Атмосфера замка – это смешение настроения домашнего пространства, уютного семейного очага с мотивами хаоса и тревоги, связанными с заточением и преследованием.
Стены замка являются границей, которая отделяет одну действительность от другой. С одной стороны, замок – это убежище от невзгод внешнего мира, в котором прячутся волшебник Хаул, Софи, демон-огонек Кальцифер, бабуля – ведьма Пустоши, маленький помощник Маркл, собачка Хин.
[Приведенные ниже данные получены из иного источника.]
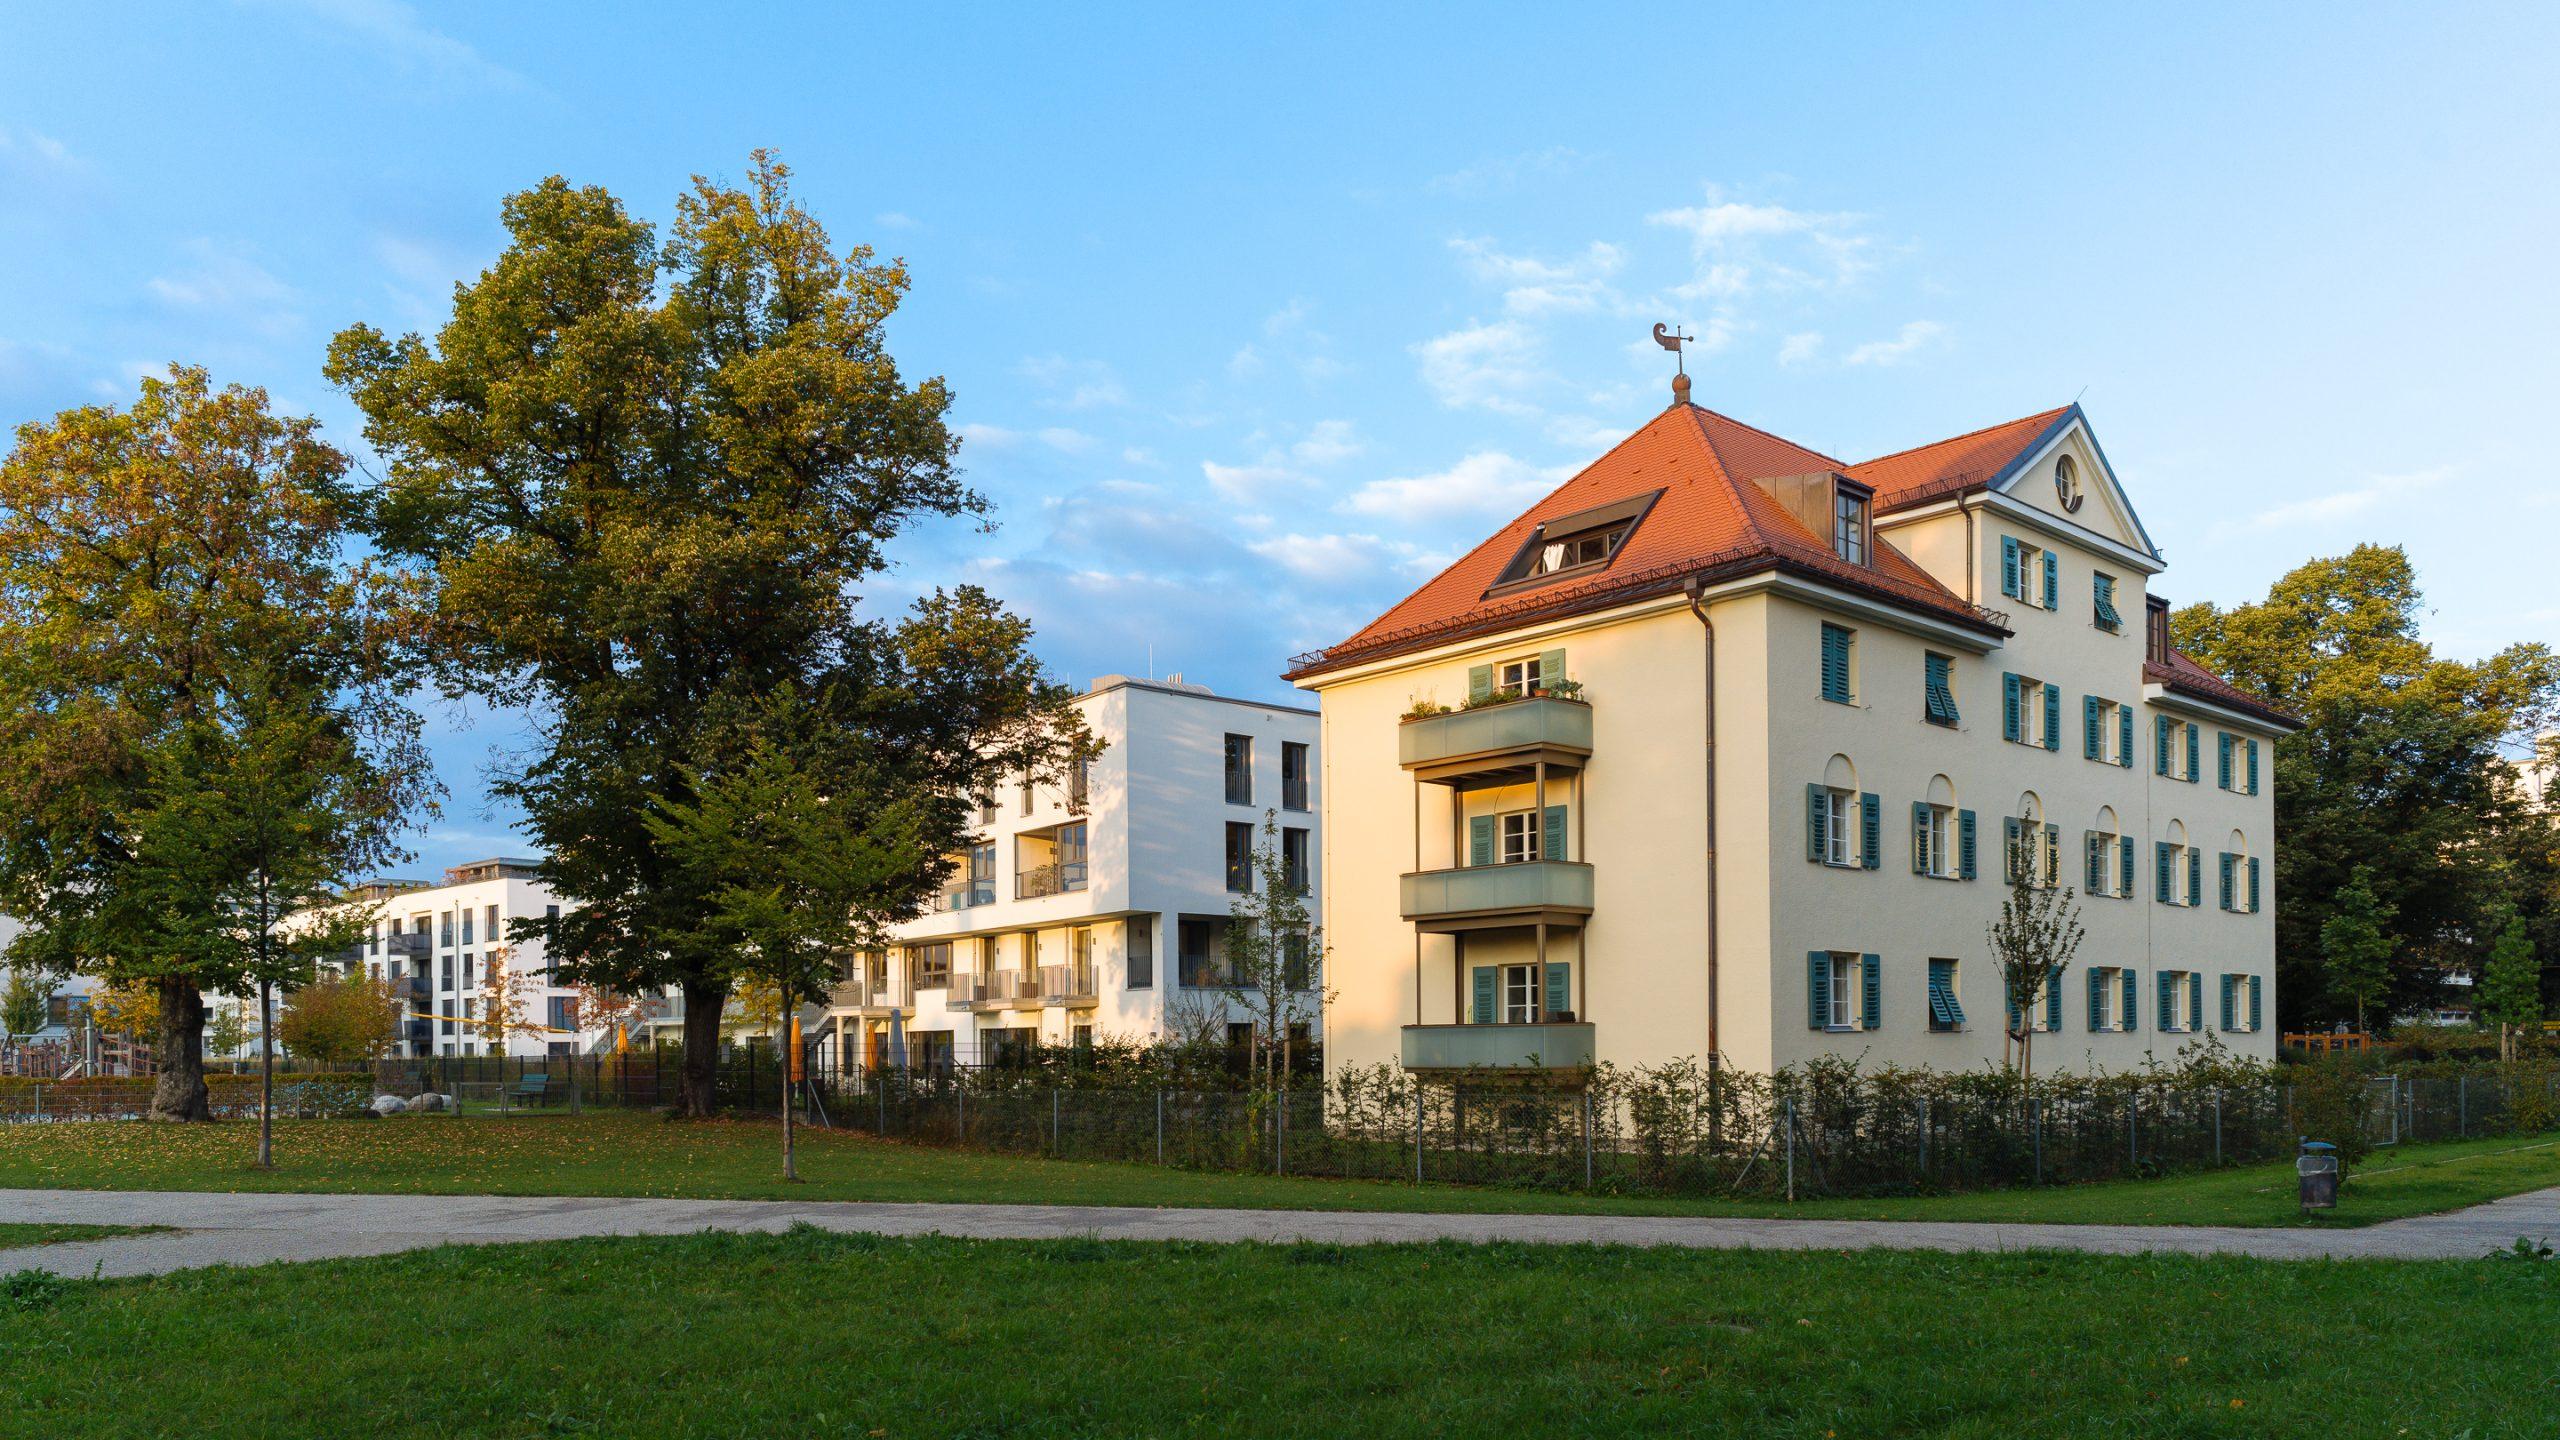 Balkone München - Denkmalschutz Balkone

С другой стороны, замок – символ ограниченности, показывающий, что все живое находится в созданной человеком искусственной оболочке, а сам человек, погруженный в современную среду, теснится, ощущая свою хрупкость в лабиринте громоздких технических конструкций.
Уникальность образа замка состоит еще в том, что X. Миядзаки наделил его душой и способностью по-своему сопереживать героям фильма – замок в течение фильма то разрушается, то восстанавливается, в зависимости от жизненных перипетий его обитателей. Эти перемены, происходящие с замком, являются выражением в художественной форме постоянно движущегося, изменяющегося и развивающегося мира. Кроме того, это своеобразный символ, говорящий о том, что развитие техники и цивилизации находится в руках человека, который может направить их по своему усмотрению.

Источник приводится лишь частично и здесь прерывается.